Studio album by Dottie West
- Released: October 1971
- Recorded: July 1971
- Studio: RCA Studio B (Nashville, Tennessee)
- Genre: Country; Nashville Sound;
- Length: 28:42
- Label: RCA Victor
- Producer: Jerry Bradley

Dottie West chronology
| Careless Hands (1971) | Have You Heard...Dottie West (1971) | I'm Only a Woman (1972) |

Singles from Have You Heard...Dottie West
- "Six Weeks Every Summer (Christmas Every Other Year)" Released: August 1971; "You're the Other Half of Me" Released: December 1971;

= Have You Heard...Dottie West =

Have You Heard...Dottie West is a studio album by American country music artist Dottie West.

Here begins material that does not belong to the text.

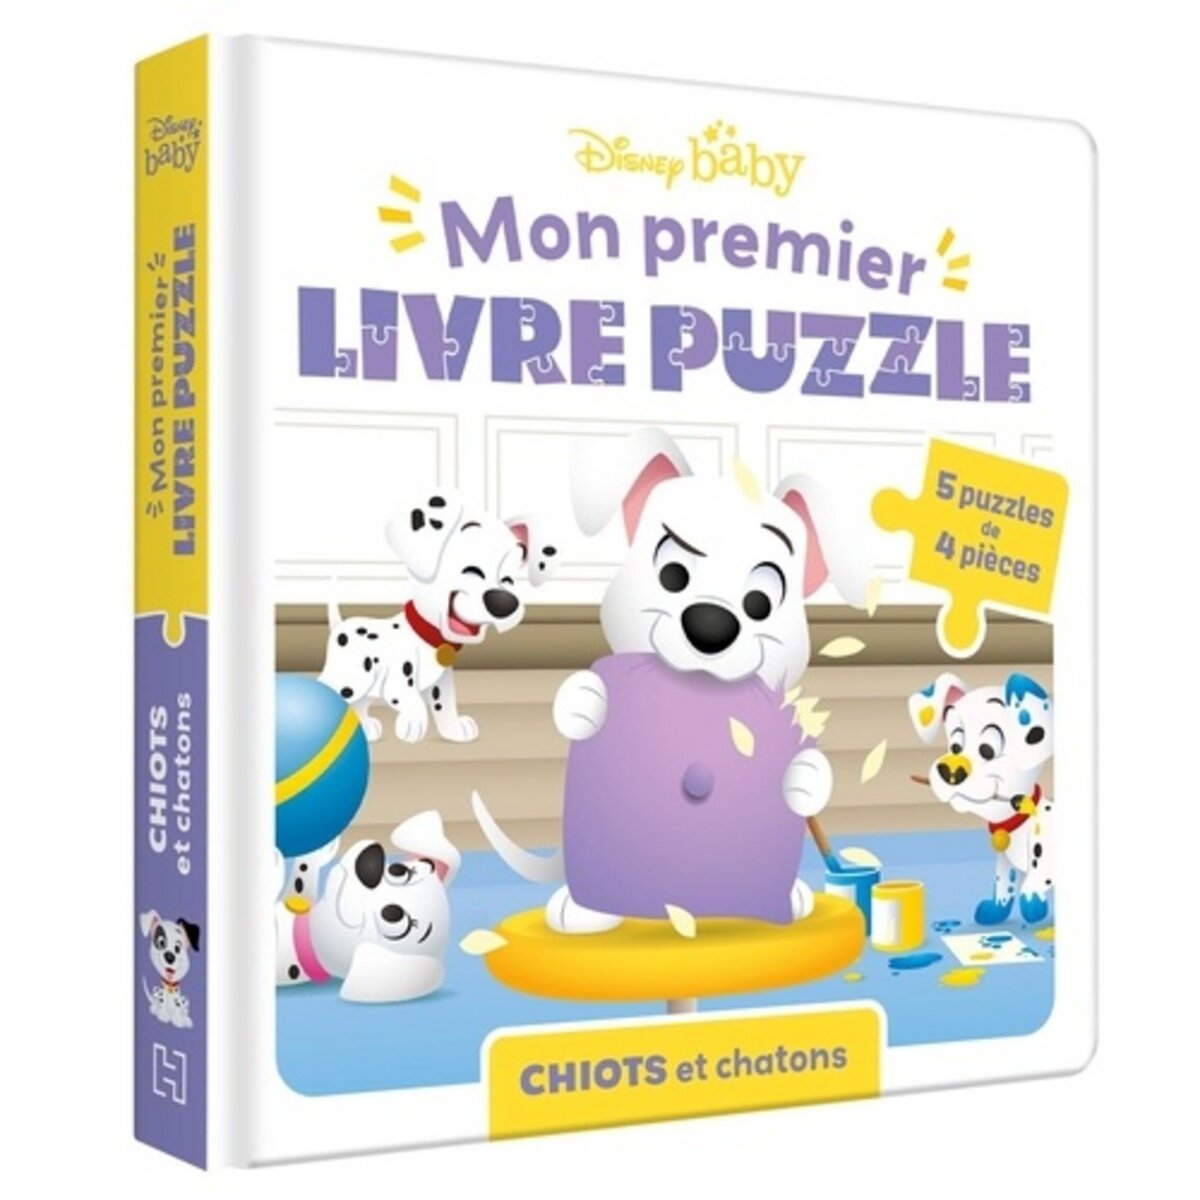 MON PREMIER LIVRE PUZZLE. 5 PUZZLES DE 4 PIECES - CHIOTS ET CHATONS, Disney  pas cher

It was released in October 1971 on RCA Victor Records and was produced by Jerry Bradley. The album was West's eighteenth studio record released in her career and second record to be released in 1971. The album included ten tracks, two of which became singles. The first single, "Six Weeks Every Summer (Christmas Every Other Year)", became a minor hit on the country charts.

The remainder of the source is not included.